Swecha’s Ambitious Project: Developing Telugu Language-Centric Large Language Models
In a groundbreaking initiative, Swecha, a non-profit organization dedicated to promoting free software and free knowledge movements, has announced an internship program on Artificial Intelligence (AI) for engineering students. The project, dubbed “Summer of AI,” aims to equip students with AI skills while developing Telugu language-centric Large Language Models (LLMs).
The Vision Behind the Project
The project is a collaborative effort between Swecha, IIIT Hyderabad, Ozonetel, Meta, and TASK. The primary objective is to collect vast amounts of data through interviews with people in villages and towns, focusing on Telugu folk tales, songs, food, and local skills. This data will be used to create a dataset for both speech and text-based LLMs.

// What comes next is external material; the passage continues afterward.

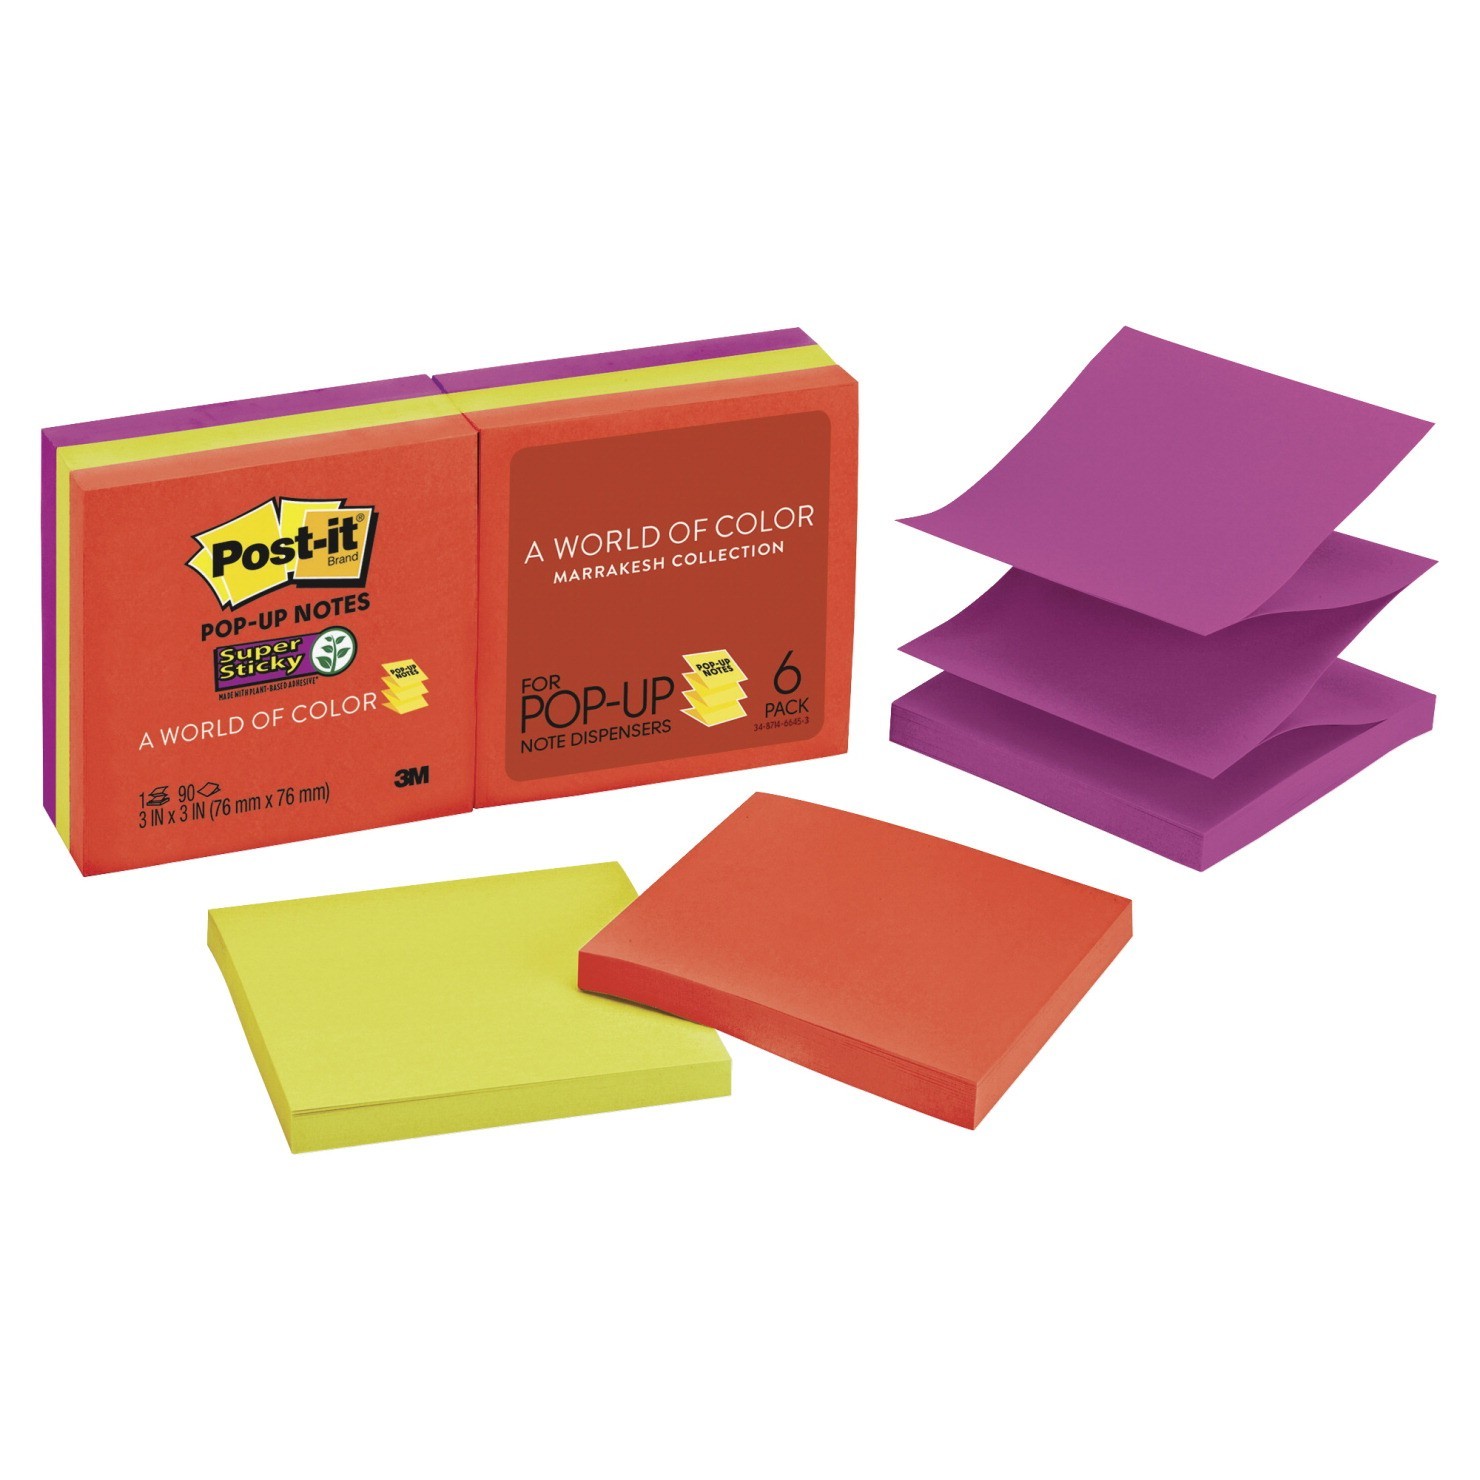 3 X 3 in, Post-it Pop-Up Super Sticky Note Refill, Assorted Neon Color, 90 Sheets/Pad, Pack of 6

“The approach of the project is to collect speech, transcribe the speech and create a dataset for both speech and as a base LLM.” - Project Statement
The Scale of the Project
The project’s scope is immense, with plans to engage a lakh interns during the month-long internship. The first batch of 10,000 interns has already begun working on the project. Upon successful completion, the approach will be replicated to collect data for other languages and regions.
Interns working on the Summer of AI project
The Significance of the Project
The initiative is significant, considering the scarcity of Indian language and India-centric LLMs. The project’s success will pave the way for the development of more language-centric LLMs, promoting linguistic diversity in AI.
Telugu script
Registration and Future Plans
Registration for the internship is currently open on the Swecha website. The project’s success will have far-reaching implications, enabling the development of more language-centric LLMs and promoting AI adoption in various regions.
Summer of AI logo
The “Summer of AI” project is a pioneering effort in the field of AI, and its success will have a profound impact on the development of language-centric LLMs. As the project progresses, it will be exciting to see the outcomes and the potential applications of this innovative initiative.